Sometimes can be useful an efficient way to verify that two arrays of objects or primitives are the same. In these cases, the simple comparison operator is not enough because arrays are two different instances of objects. We have to compare js arrays that are lists and not simple objects.
For example the following comparison will give an erroneously wrong result:
[true, false, true, false] == [true, false, true, false] // false
The solution is to first check the length and consistency of both arrays under consideration and then check the objects in them.

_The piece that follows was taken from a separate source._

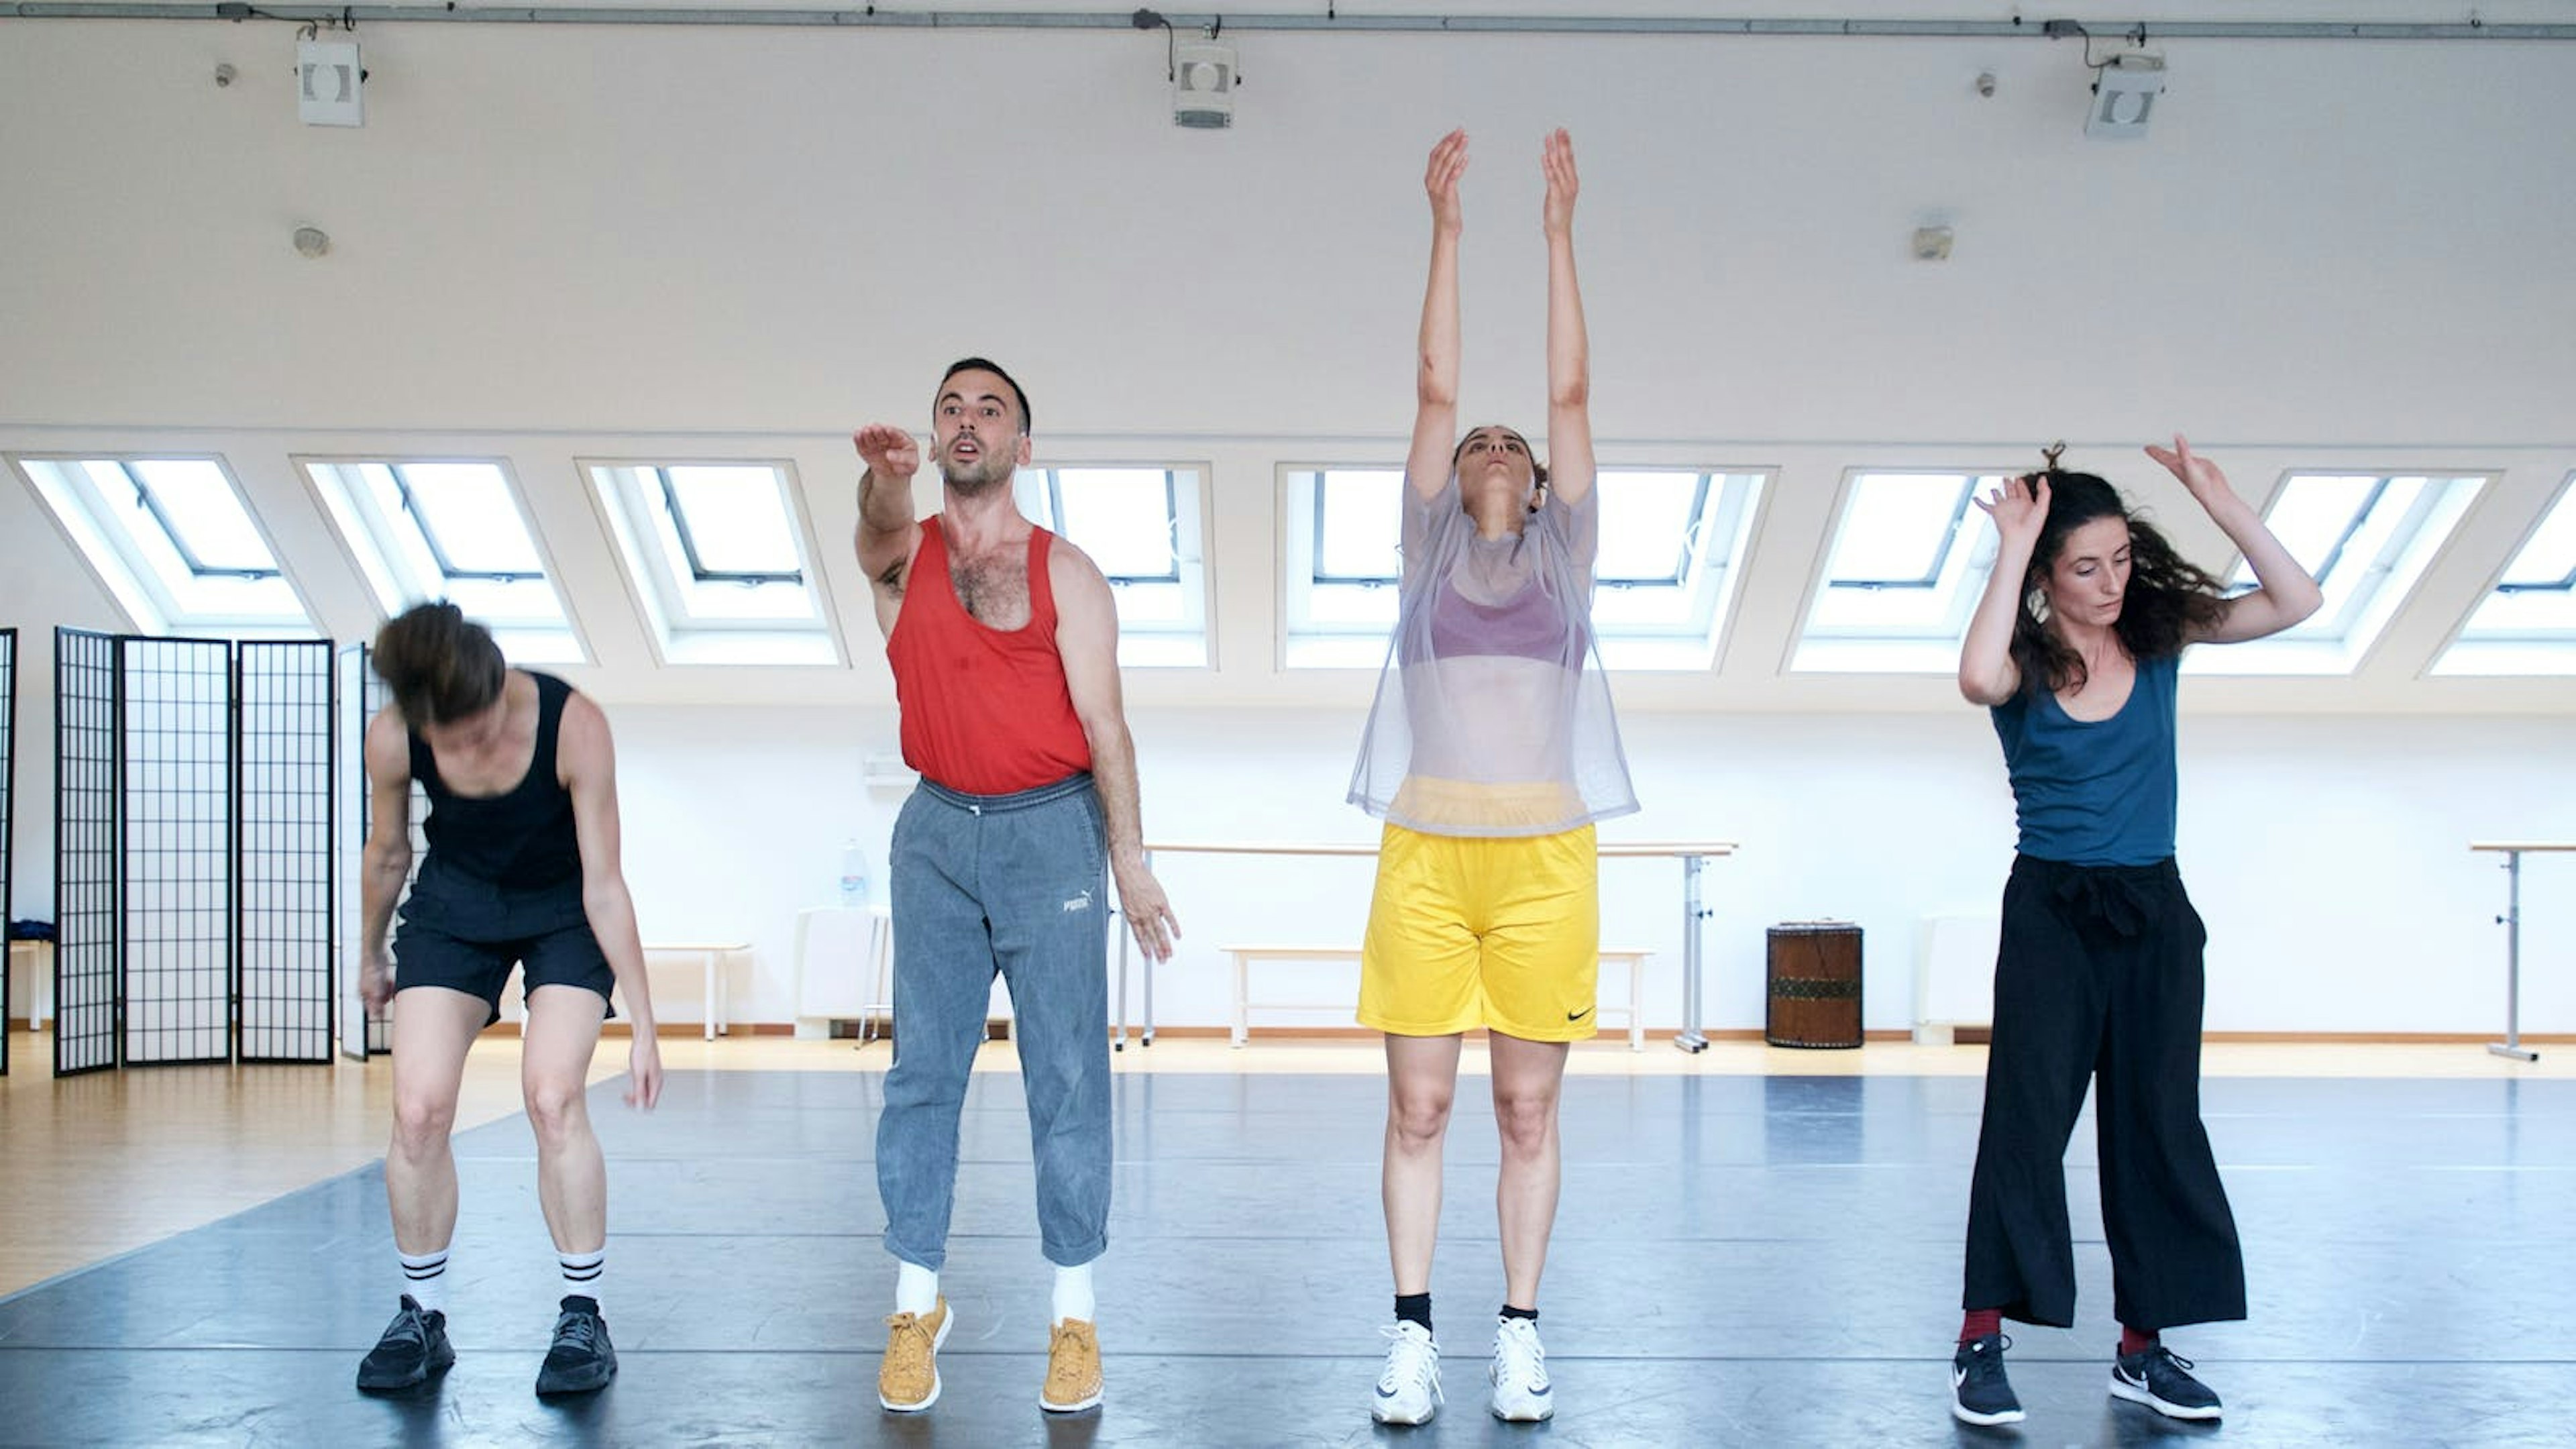 Quattro performer in fila orizzontale nello Studio fanno diversi movimenti con le braccia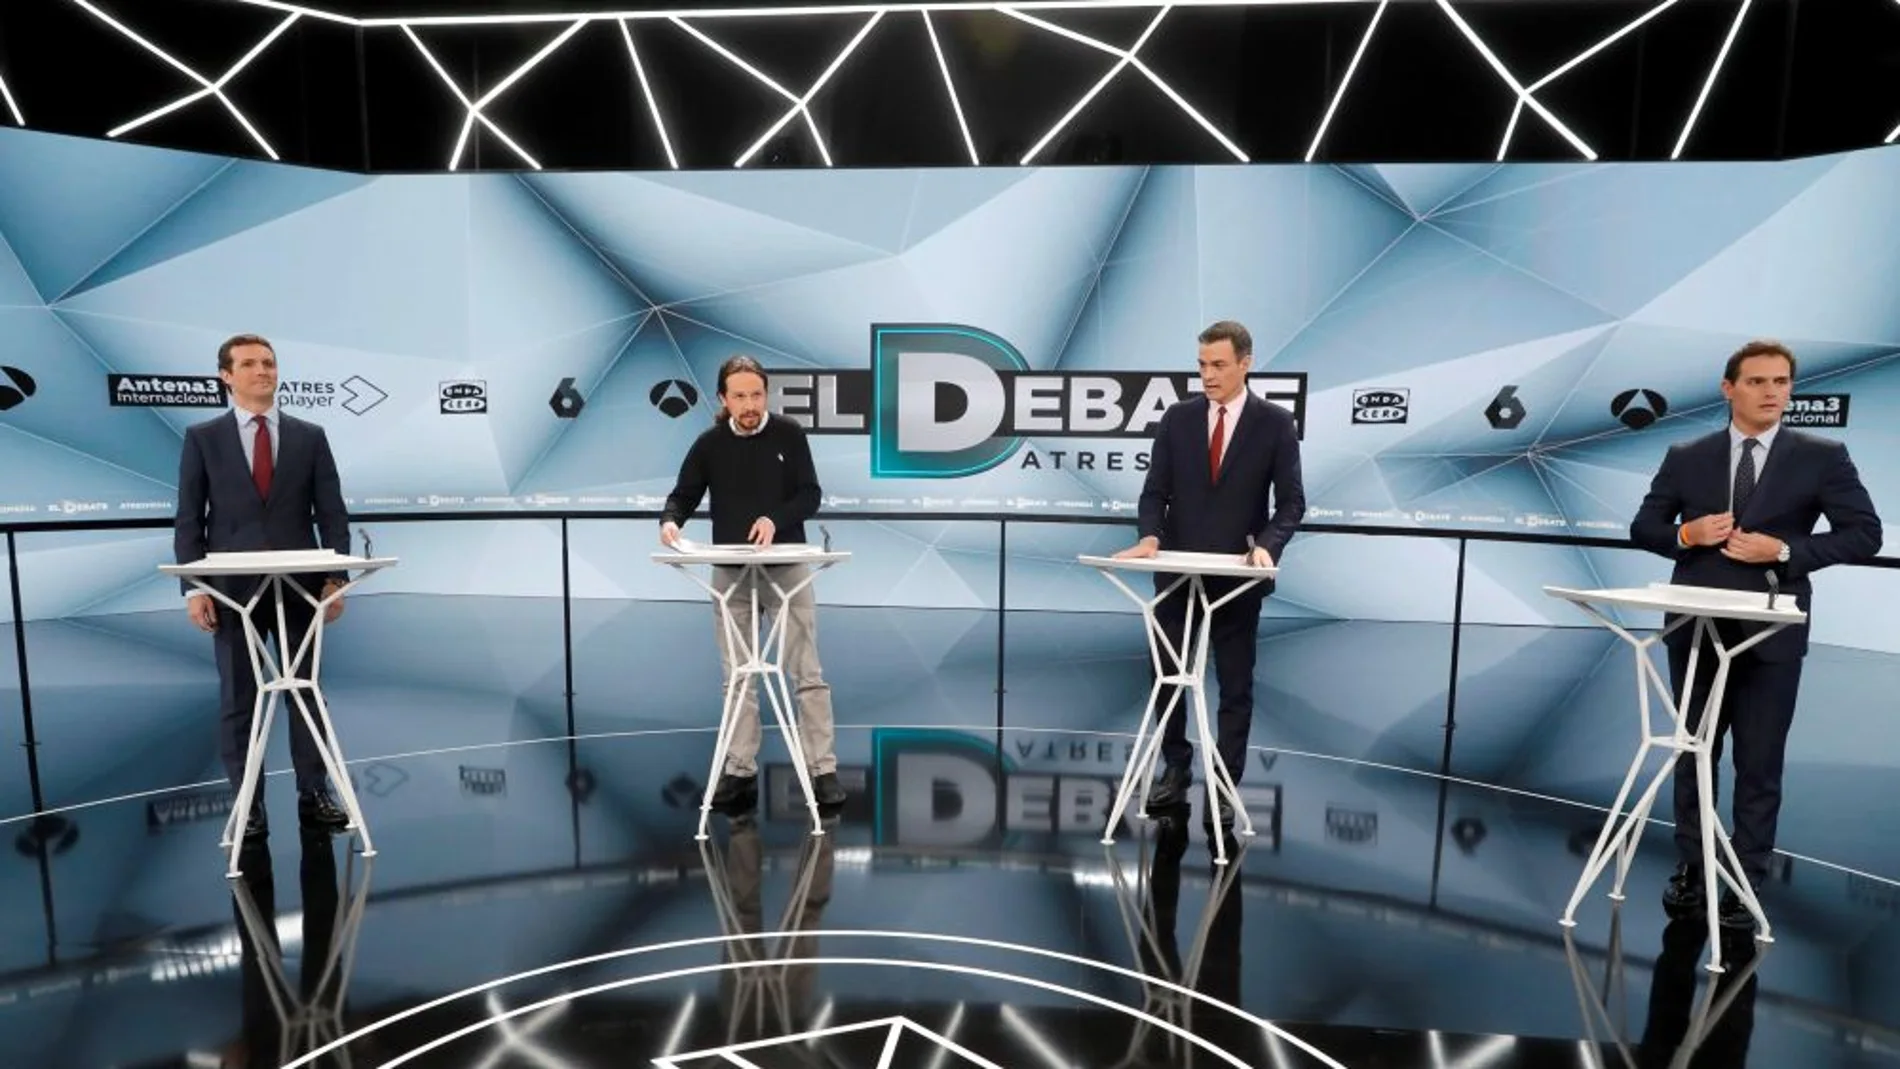 El 23 de abril de 2019 se produce el Debate Decisivo

First we consider the version suitable for javascript, through a function.
/**
* Compare 2 given arrays.
* @param a1
* @param a2
*/
function compareArrays(a1, a2) {
if (!a1 && !a2 && a1.length !== a2.length) {
return false;
}
return !a1.some((v, i) => (v !== a2[i]));
}
The one below is the typed method (suitable for typescript frameworks: Angular, React, etc.):
/**
* Compare 2 given arrays.
* @param a1
* @param a2
*/
public static compareArrays(a1: any[], a2: any[]): boolean {
if (!a1 && !a2 && a1.length !== a2.length) {
return false;
}
return !a1.some((v, i) => (v !== a2[i]));
}
The result will be the following, using our function to compare js arrays:
compareArrays([true, false, false], [true, false, false]); // true
compareArrays([true, false, false, false], [true, false, false]); // false
compareArrays(['equal', false, false, false], ['equal', false, false, false]); // true
compareArrays(['different', false, false, false], ['equal', false, false, false]); // false
That’s all.
Try it at home!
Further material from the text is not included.